Agent Readiness Audit

Q: What is the difference between ARS and AQS?

ARS (Agent Readiness Score) is static analysis -- it examines your blueprint and architecture without running any tests. AQS (Agent Quality Score) is test-based -- it measures behavioral reliability from actual test results. ARS tells you if your agent is designed safely; AQS tells you if it behaves correctly.

Static analysis of your agent’s blueprint — identify risks before running any tests.

Key Takeaways

✓Static analysis of your blueprint -- no tests needed, immediate feedback
✓16 checks across 4 categories: Security (50pts), Reliability (25pts), System Design (15pts), Tool Quality (10pts)
✓Agent Readiness Score (ARS) 0-100: Red (0-30), Yellow (31-60), Green (61-100)

Why It Matters

The Agent Readiness Audit is a static analysis engine that examines your agent’s blueprint and architecture graph across 16 checks to identify security risks, reliability gaps, and design issues before any tests are run.

Running tests takes time.
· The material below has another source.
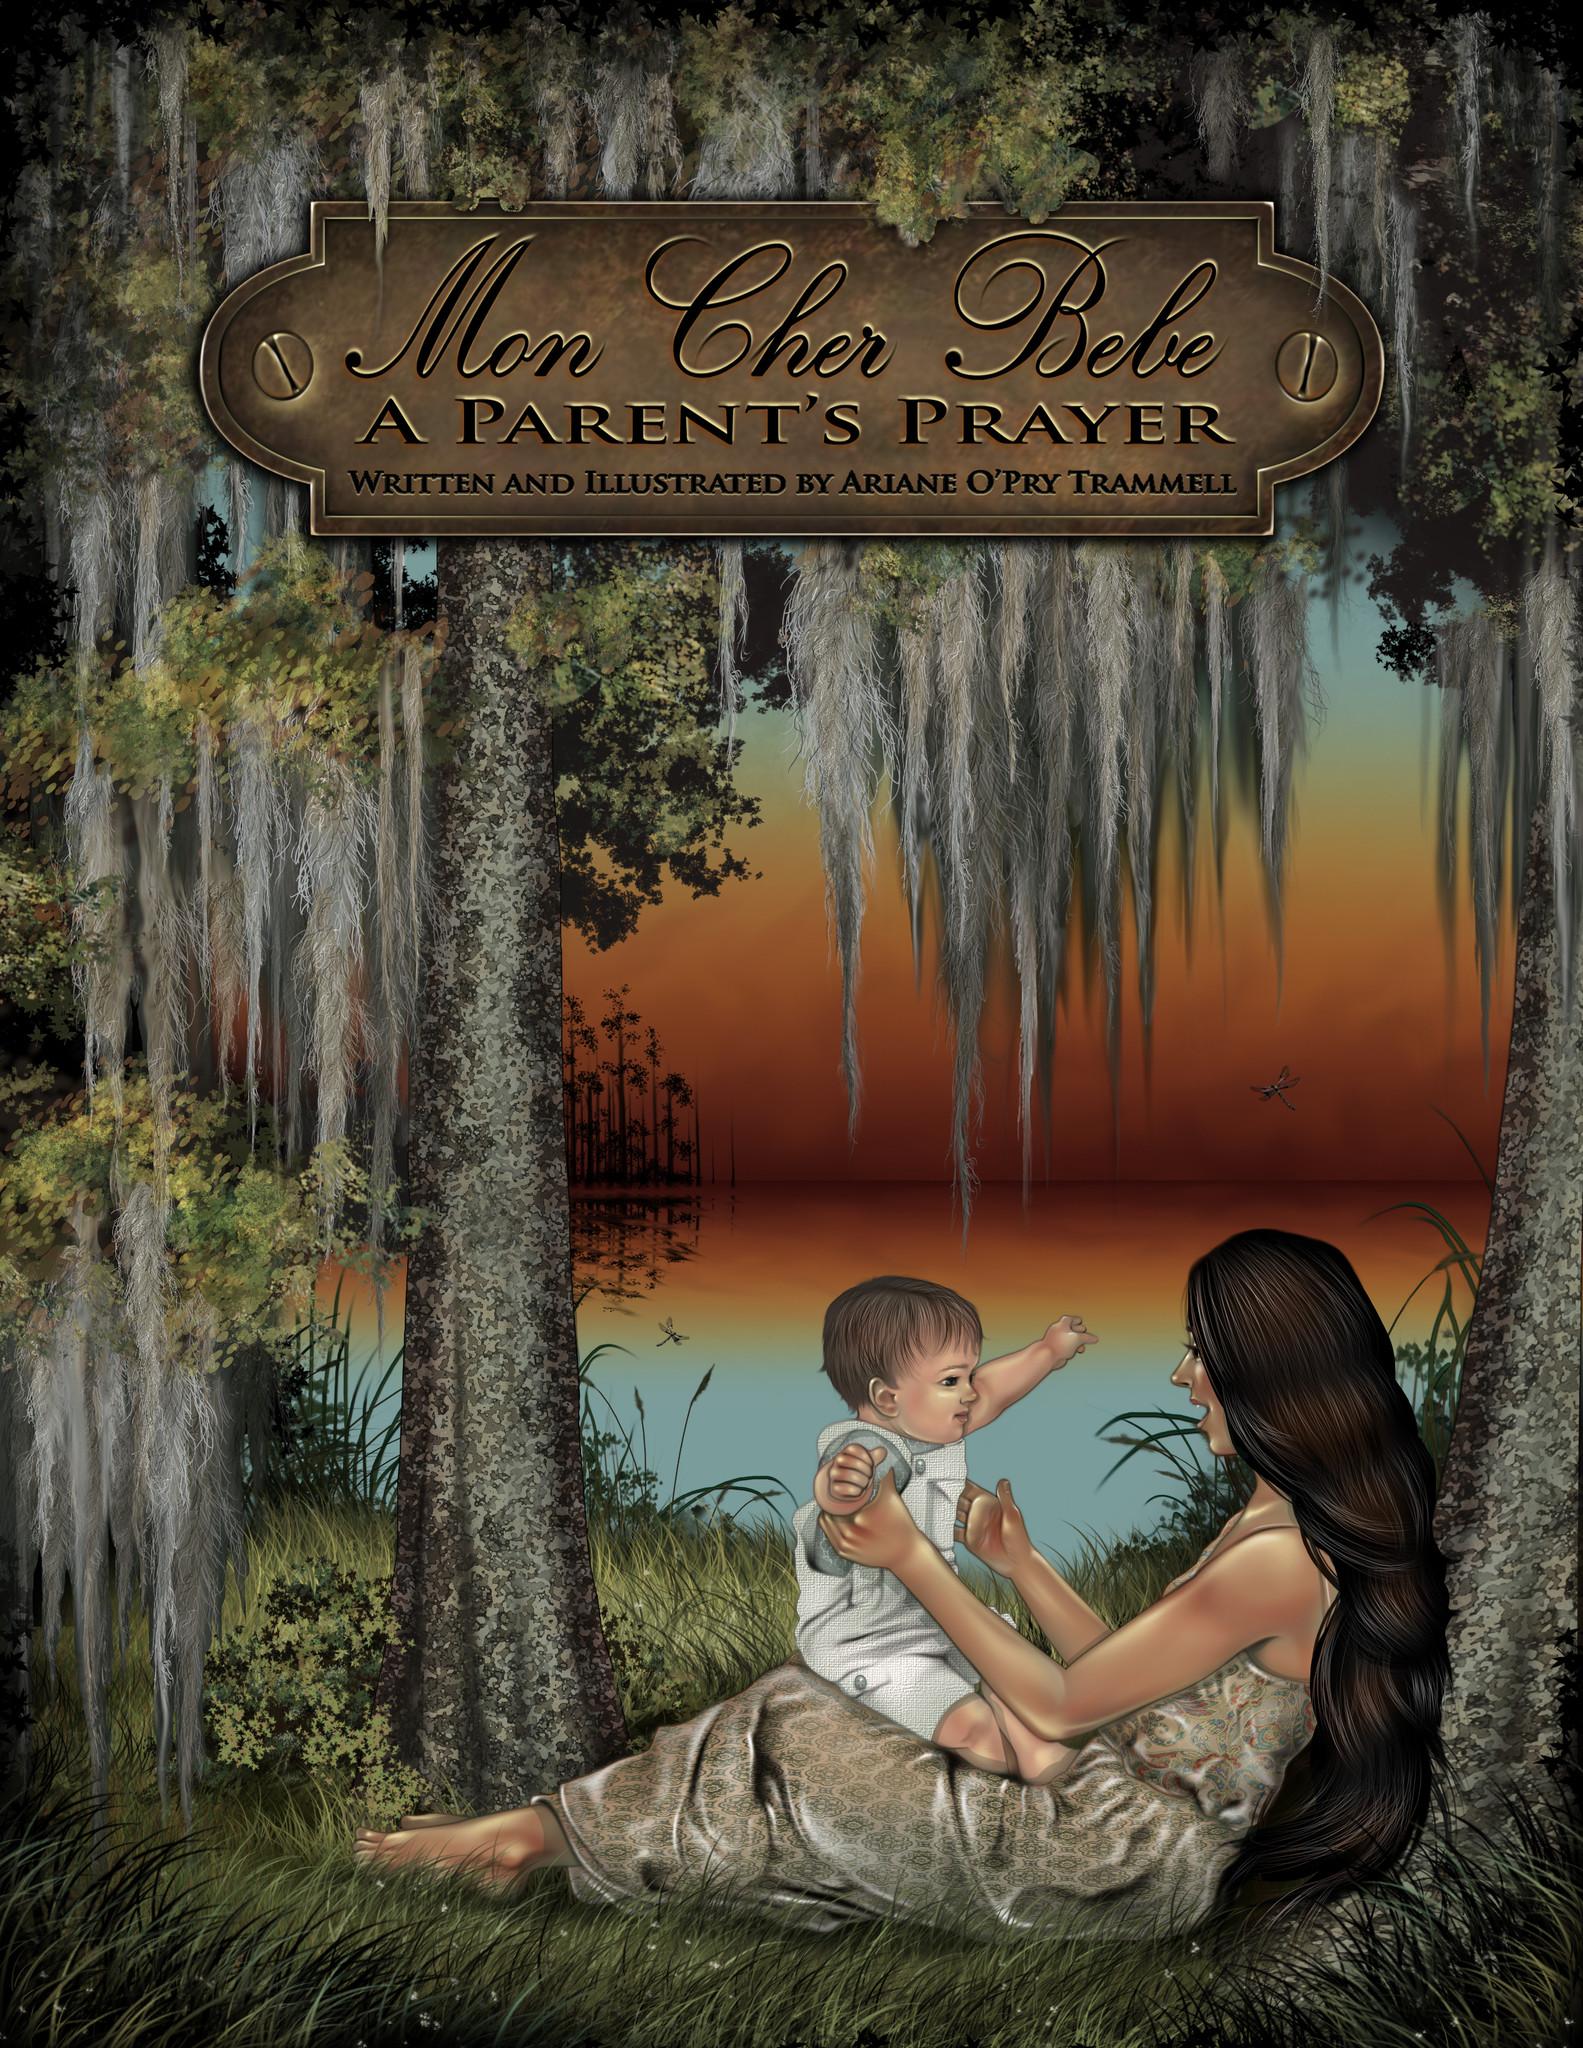 Books Mon Cher Bebe: A Parent's Prayer

The audit gives you immediate, actionable feedback the moment you upload a blueprint. It catches structural problems — missing guardrails, exposed secrets, unconstrained permissions — that would otherwise surface as test failures or, worse, production incidents. Think of it as a linter for your agent’s architecture.
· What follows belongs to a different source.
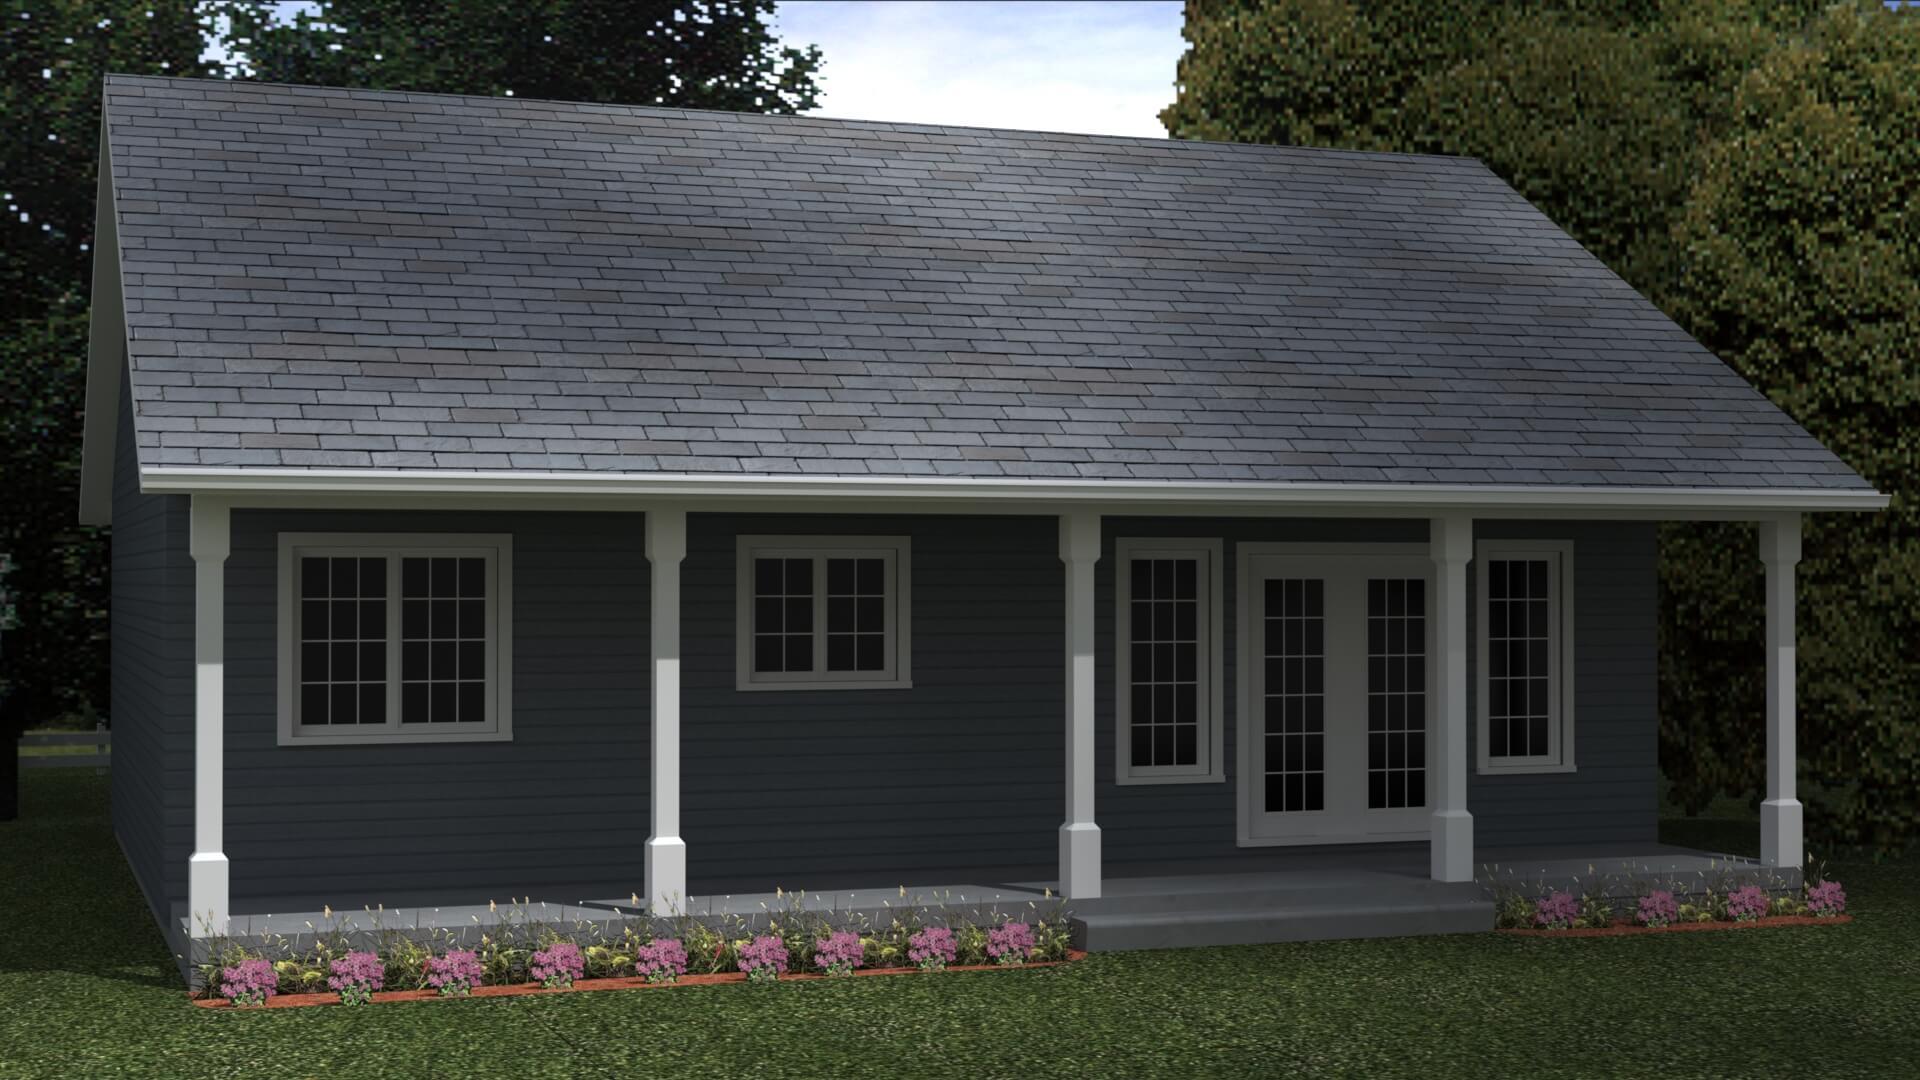 936 house exterior

Agent Readiness Score (ARS)

The audit produces a single 0-100 score called the Agent Readiness Score (ARS). Unlike AQS, which requires test results, ARS is computed entirely from static analysis of your blueprint and (optionally) your Agent Intelligence Graph.

Score Ranges

Range	Color	Meaning
61-100	Green	Ready. No critical issues, minor findings only.
31-60	Yellow	Notable issues. Address high-severity findings before production.
0-30	Red	Critical risk. Fundamental security or reliability gaps must be resolved.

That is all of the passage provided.